The Security Traders Association (STA), Financial Information Forum (FIF) and other industry groups such as the Securities Industry and Financial Markets Association advocated for the deletion of sensitive customer information even before the pandemic broke out. So did the CAT NMS Plan Operating Committee created by the exchanges to implement CAT back in October 2019. However, it wasn’t until March 17 that the SEC’s Chairman Jay Clayton publicly announced the changes to CAT’s customer data requirements.
“The cybersecurity concerns have been an ongoing issue and broker-dealers needed to have some relief from the possibility that cybersecurity breaches could expose sensitive customer information,” says Jim Toes, president of the STA, the New York-based trade group representing trading desks at broker-dealers and asset management shops. As part of addressing cybersecurity concerns, the SEC’s Clayton says the agency will also be looking into how access to customer and account information can be restricted and whether there are additional security measures that would enhance the security of the CAT data both inside and outside of the CAT system.

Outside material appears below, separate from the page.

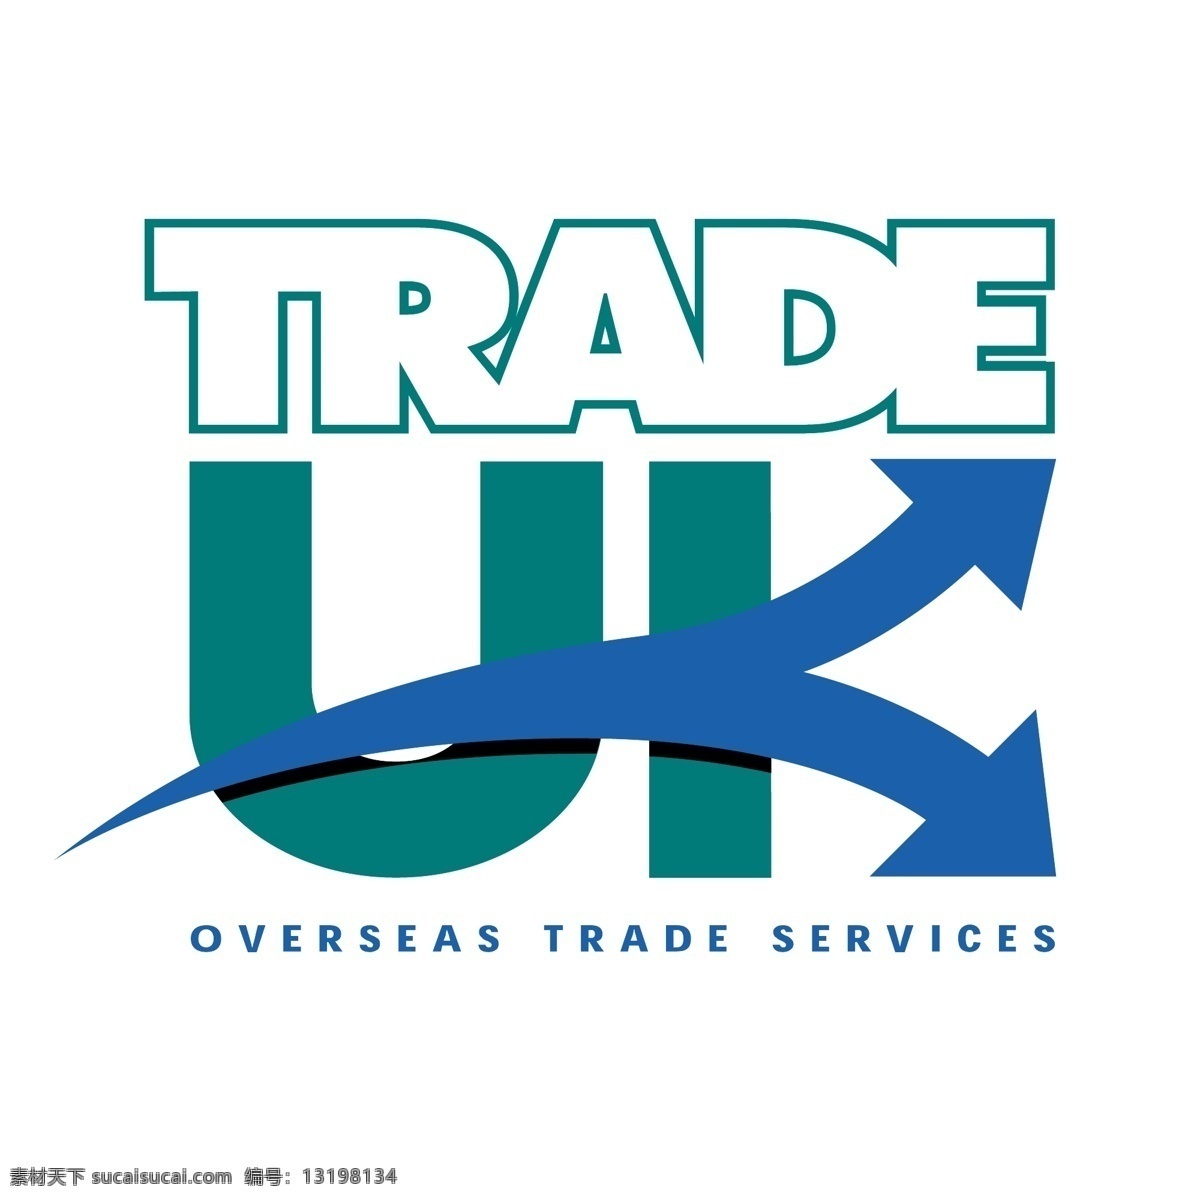 贸易 免费矢量 英国 商业 标志 矢量 英国贸易标志 英国的贸易 英国免费矢量 艺术 载体 免费 英国自由 自由 图形 建筑家居

The SEC’s announcement of the change in customer information requirements on March 17 was overshadowed by its release of a no-action letter the previous day saying it would temporarily postpone any enforcement action against CAT’s plan participants for failing to ensure broker-dealers meet the CAT milestone dates. The exchanges and FINRA, in turn, provided broker-dealers with assurances that they would not seek enforcement action against them for any reporting delays which can be far longer for equities than options. Transactions in equities can now be reported on May 20 instead of April 20. The timetable for reporting transactions in options has also been switched to May 20. That’s two days afer the original May 18 deadline. Data on underlying customers won’t be due until next year.
“The SEC recognized that market volatility combined with setting up remote workplaces would be challenging for broker-dealers,” says Christopher Bok, director of FIF, a New York trade group focused on regulatory compliance and market data management. “Delaying the first phase of CAT allows broker-dealers to also focus on other pressing issues.” Yet another benefit of the delay, says Gargone: “Broker-dealers can use the time to reduce the potential for errors which, in turn, will reduce the potential for fines from FINRA.”. Broker-dealer IT and compliance managers are naturally hoping that the SEC will also postpone enforcing the subsequent phases of CAT’s roll-out.
While most of the attention about the SEC’s recent actions has focused on the delay in CAT reporting, IT managers sound just as relieved that the risk of theft of f customer data have been somewhat mitigated. ” At this point we don’t care about why the SEC finally decided to address the problem,” quips one IT manager at an East Coast brokerage. “We are happy the SEC finally listened.”